## Task directions
Find the line holding "Poplin power dress dorothee schumacher-1" in the entries below. Give it again exactly, along with every line after it up to and including the line holding "AVEDA Nutriplenish™ Shampoo Deep Moisture".

## Task material
+ + +

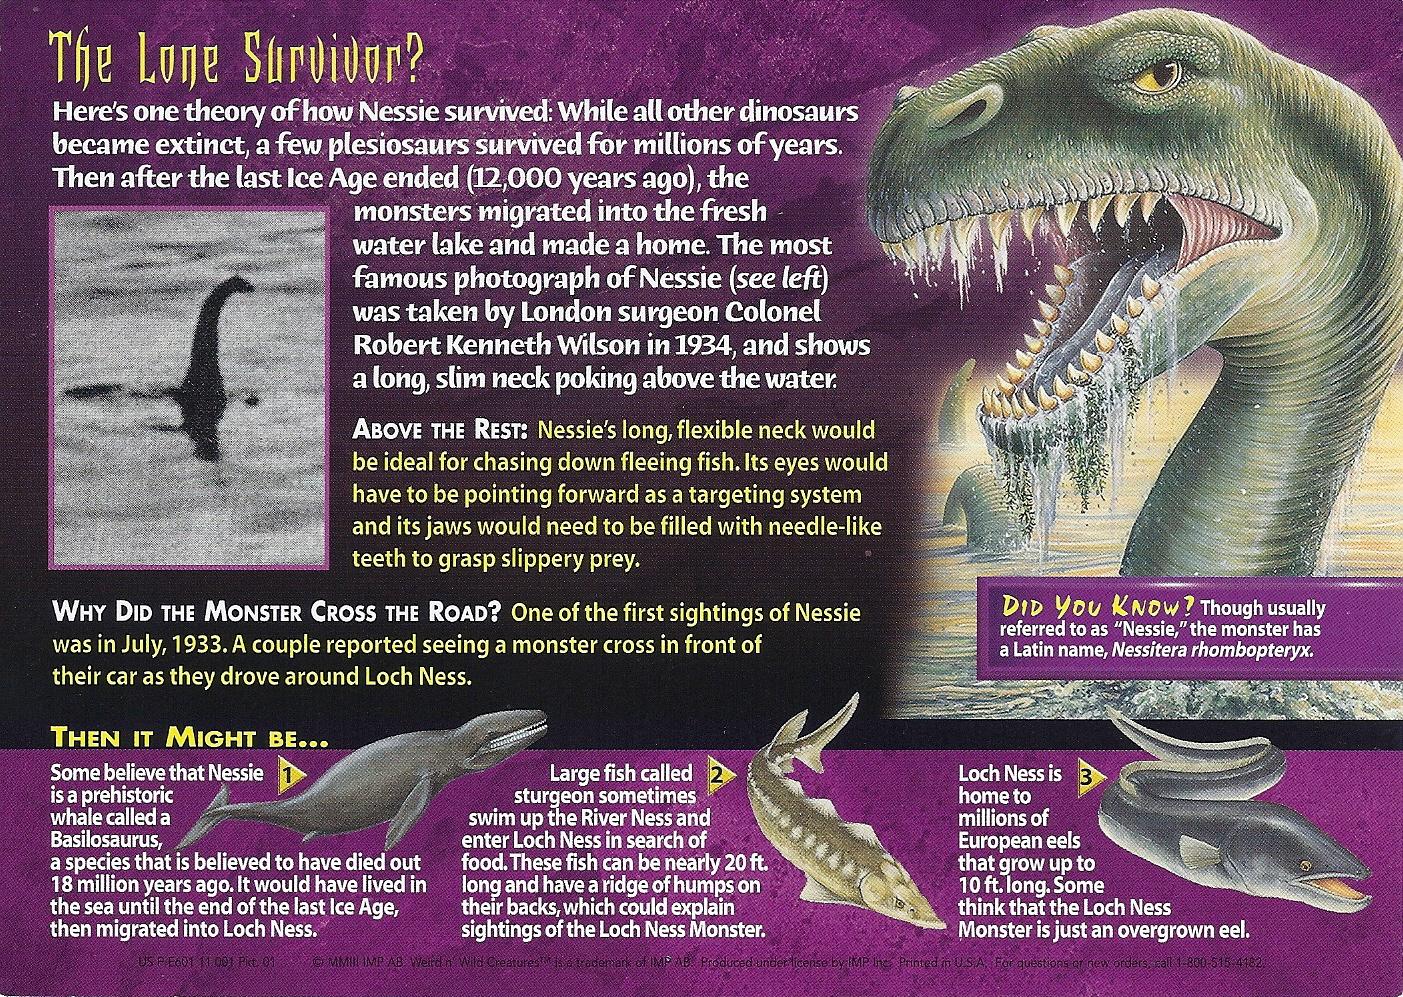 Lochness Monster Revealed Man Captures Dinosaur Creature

+ + +

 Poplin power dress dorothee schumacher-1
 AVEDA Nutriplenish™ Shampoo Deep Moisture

+ + +

## Task output
 Poplin power dress dorothee schumacher-1
 AVEDA Nutriplenish™ Shampoo Deep Moisture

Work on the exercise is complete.